:: Dataset section
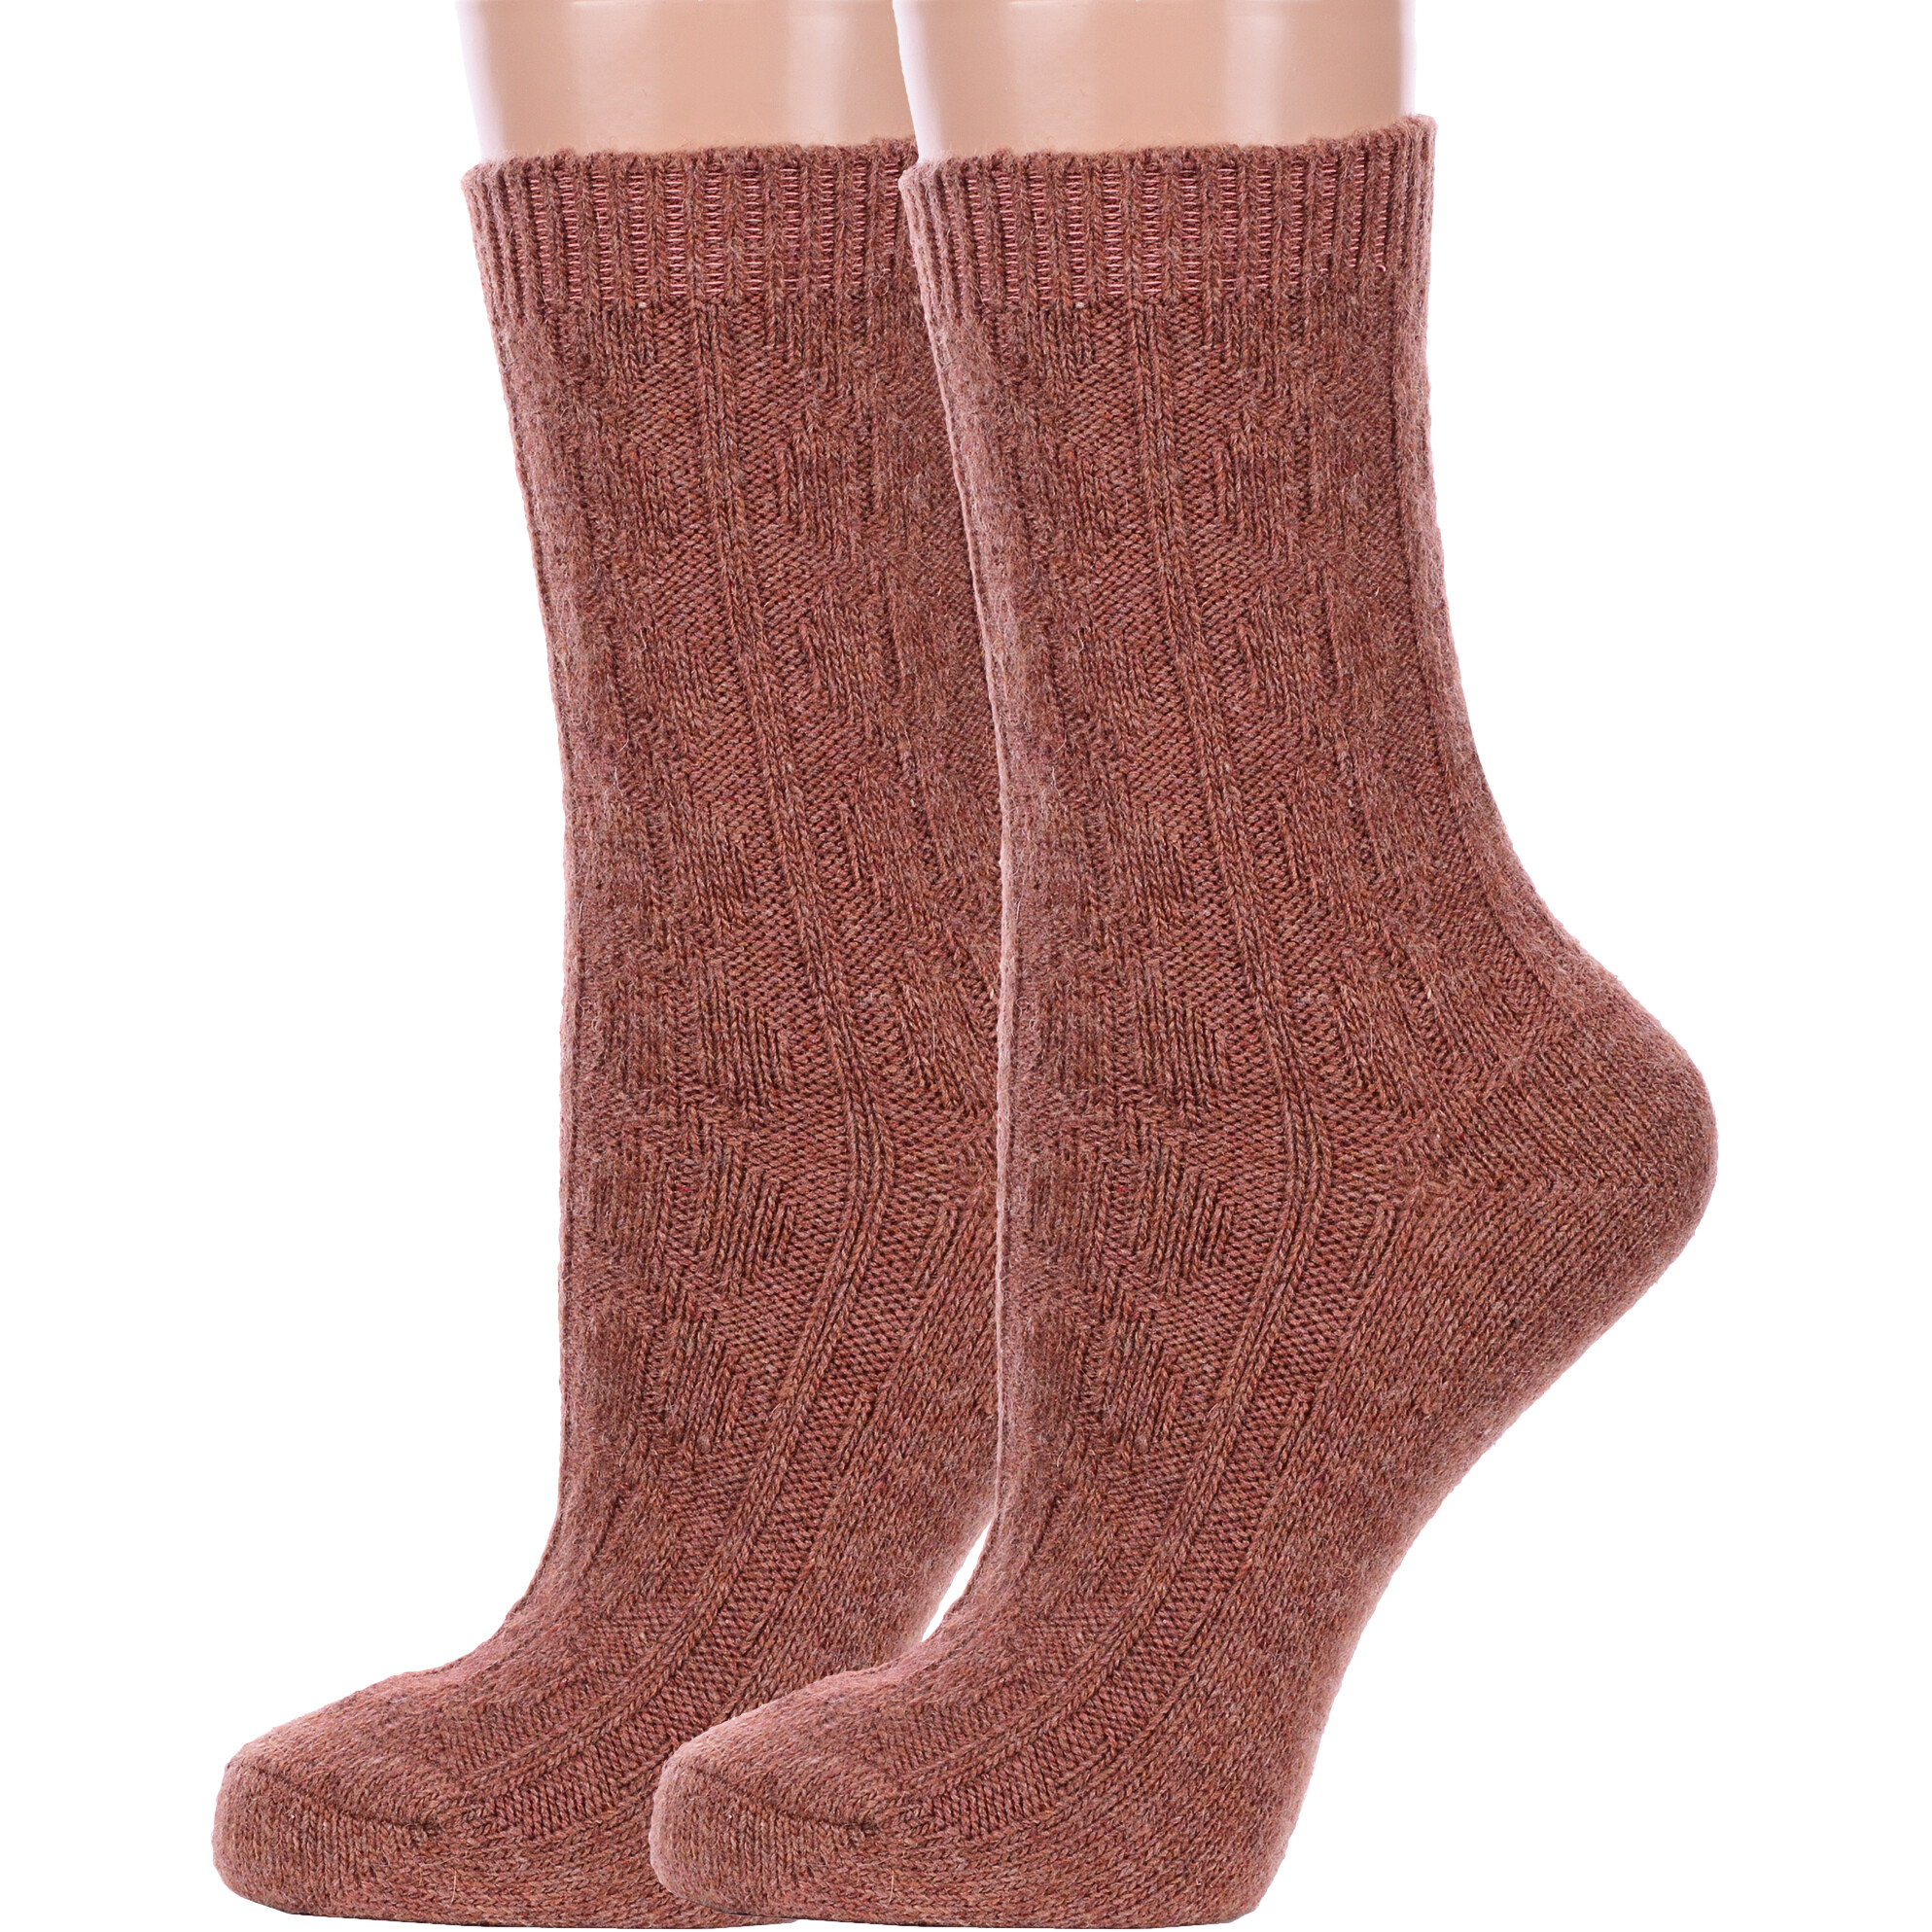 Комплект носков женских Hobby Line 2-Нжш33-09 коричневых 36-40, 2 пары
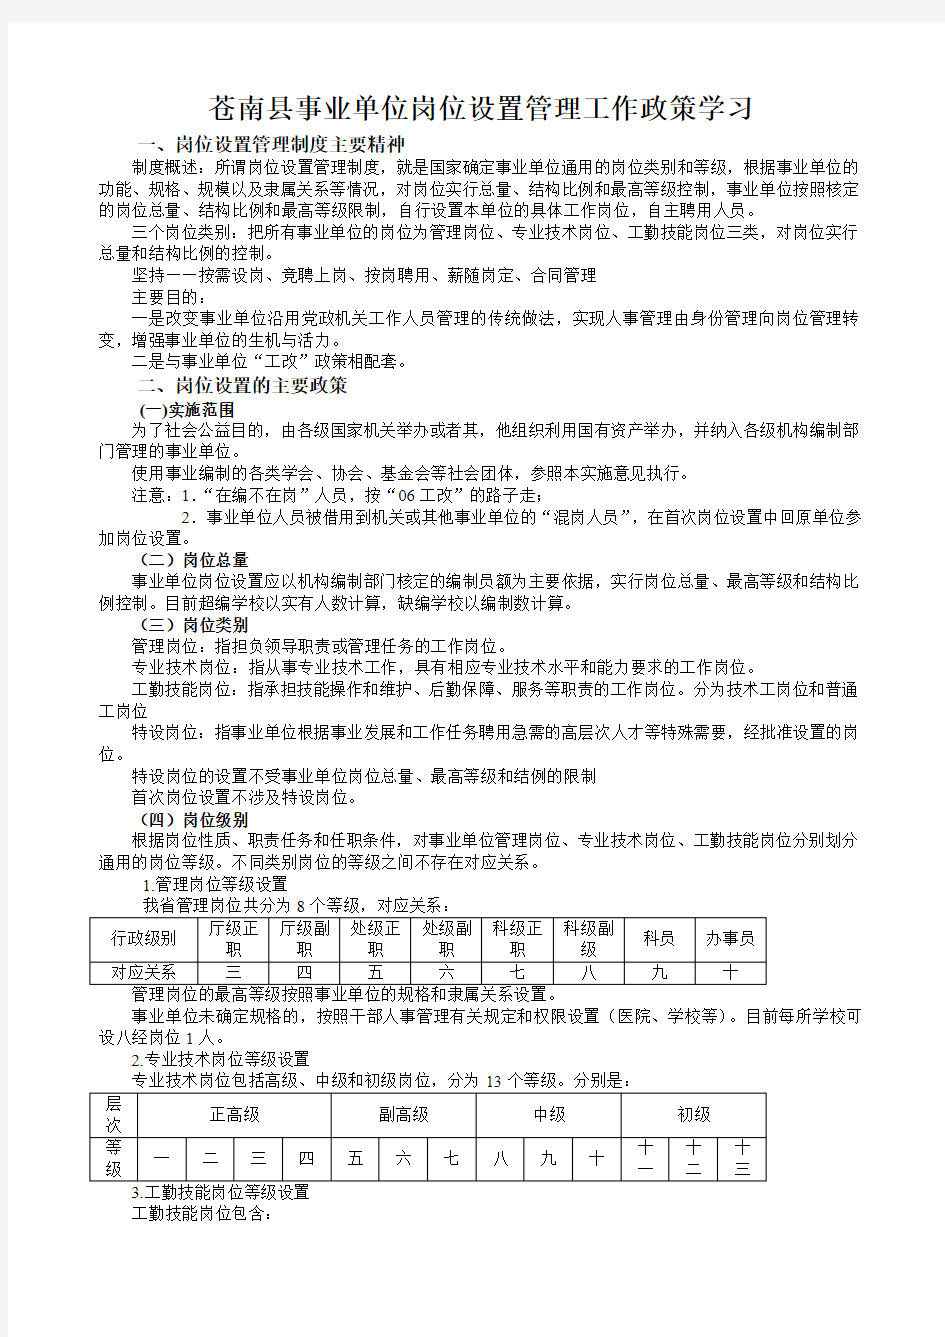 苍南县事业单位岗位设置管理工作政策学习
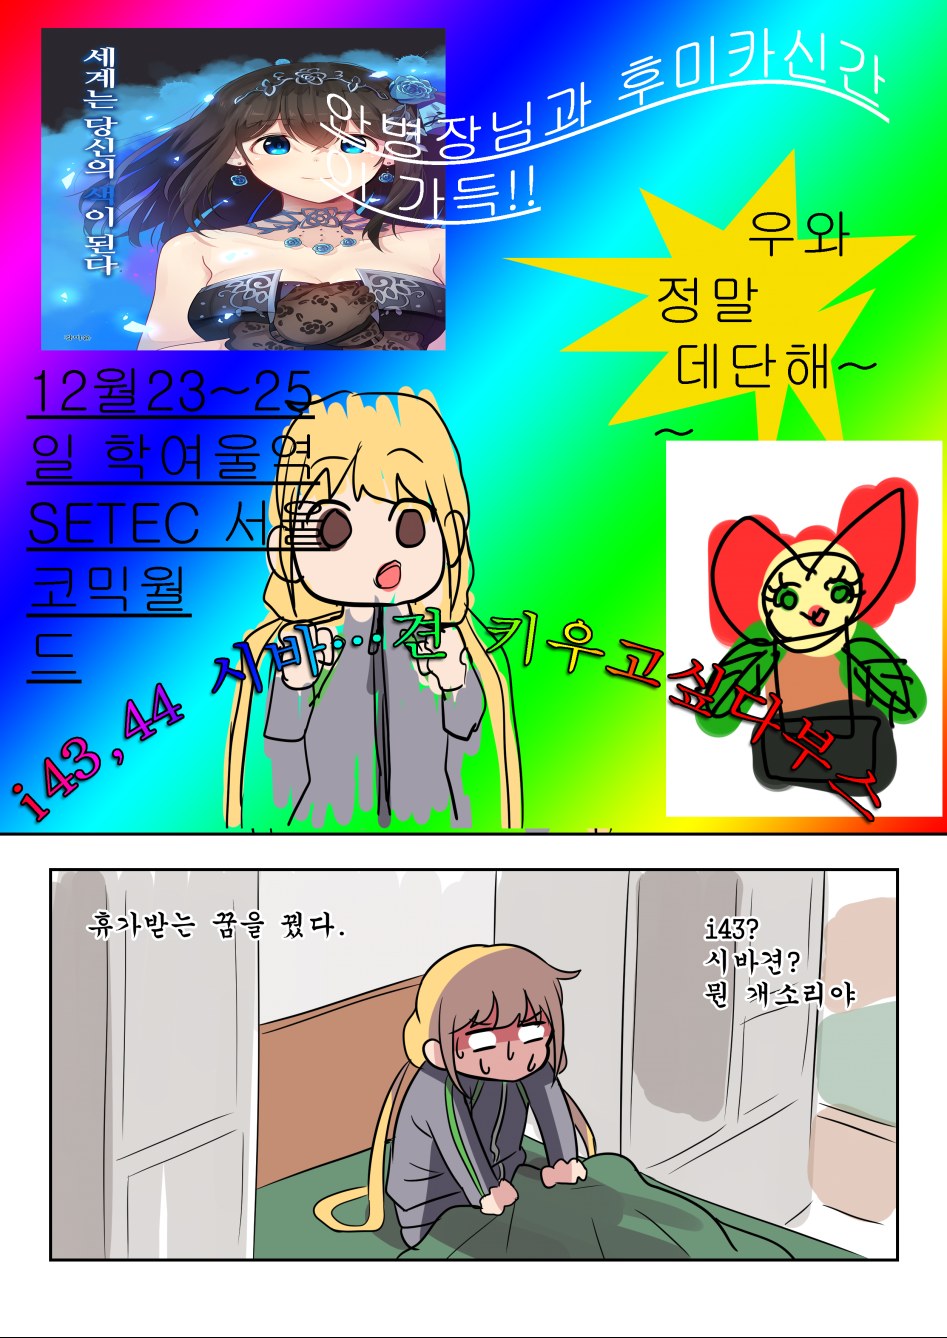 12코홍보 만화 (3).png
::::
What to produce: An exact copy of the listing above, minus its pictures, is what is needed here.

Task answer:
 Комплект носков женских Hobby Line 2-Нжш33-09 коричневых 36-40, 2 пары
 苍南县事业单位岗位设置管理工作政策学习
 12코홍보 만화 (3).png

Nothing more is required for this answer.